However, in 2024, the heterodoxy universally endorsed, supported and celebrated the hyper-masculine promise of Trump. This has created a moment in which the vast majority of online voices who appeal to young men are explicitly pro-Trump. In the wake of his win, those who at least feigned political ambivalence now feel no need to moderate themselves.
Joe Rogan reacted to Trump’s win on Tuesday night by yelling a reverential “holy shit” in a video he posted to X that showed him watching Trump’s election party on Fox News. Rogan, whose chart-topping podcast has an estimated 81% male audience, considers himself more of a conversationalist than a pundit but nevertheless endorsed Trump hours before the election, after hosting Trump and JD Vance on The Joe Rogan Experience. (He invited Kamala Harris, but they could not agree on interview terms.) Rogan endorsed Bernie Sanders in the 2020 Democratic primary and then voted libertarian, and initially liked Robert F Kennedy Jr in 2024. He has supported left-leaning policies like drug and marijuana legalization, same-sex marriage and abortion rights, though he vehemently opposes gender-affirming care for transgender youth. Ultimately, he attributed his pivot to Trump to Elon Musk, the last guest to appear on his podcast before the election.
“If it wasn’t for him we’d be fucked,” Rogan posted, referring to Musk. “He makes what I think is the most compelling case for Trump you’ll hear, and I agree with him every step of the way.” Musk, who is generally well-liked among heterodox figures and their supporters, was gleeful as it became clear that Trump had won.
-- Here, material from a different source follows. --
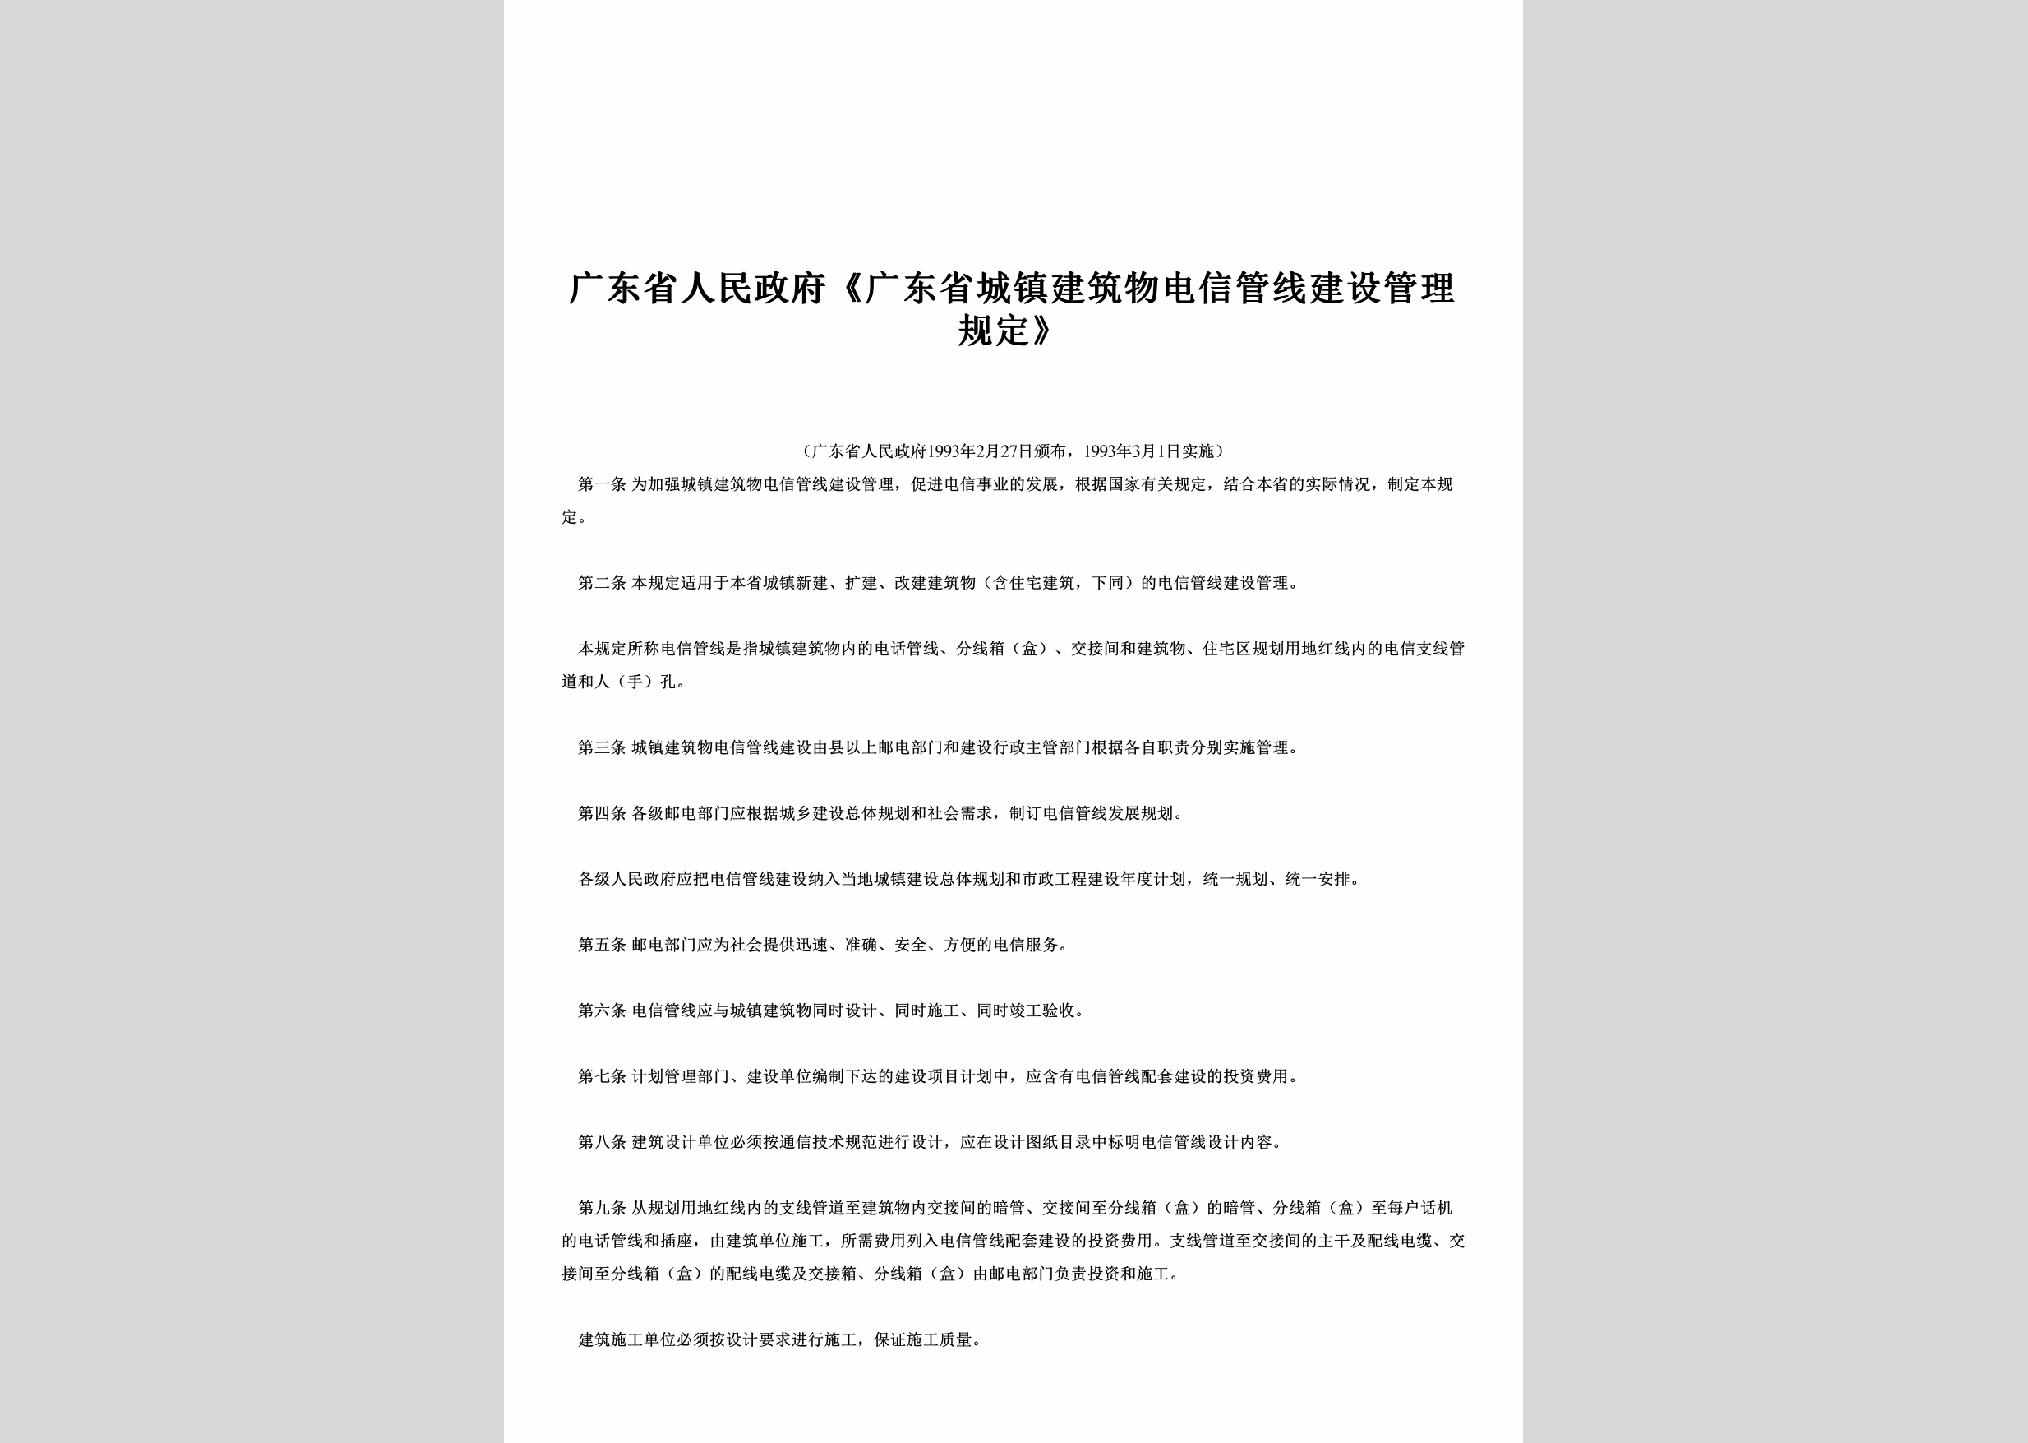 GD-CZJSGLGD-1993：《广东省城镇建筑物电信管线建设管理规定》

He posted a picture to X showing him holding a sink in the Oval Office – a reference to his 2022 takeover of Twitter HQ – captioned “let that sink in”, seemingly relishing the business success and policy influence he anticipates having under a second Trump administration, which he helped secure.
Musk’s shift to the far right – after voting for Obama and opposing Trump in 2016 – became noticeable during the pandemic, when he became frustrated that lockdown requirements were slowing production at SpaceX and Tesla. Since taking over Twitter, now X, he has re-platformed Trump and conspiracy theorists like Alex Jones as well as racist and sexist provocateurs like the white nationalist Nick Fuentes. “Your body, my choice. Forever,” Fuentes posted on Tuesday night; the phrase has been making rounds on social media since. Musk personally shares an increasingly large volume of far-right content on his own page – especially transphobic content, seemingly in response to his estranged daughter coming out as transgender.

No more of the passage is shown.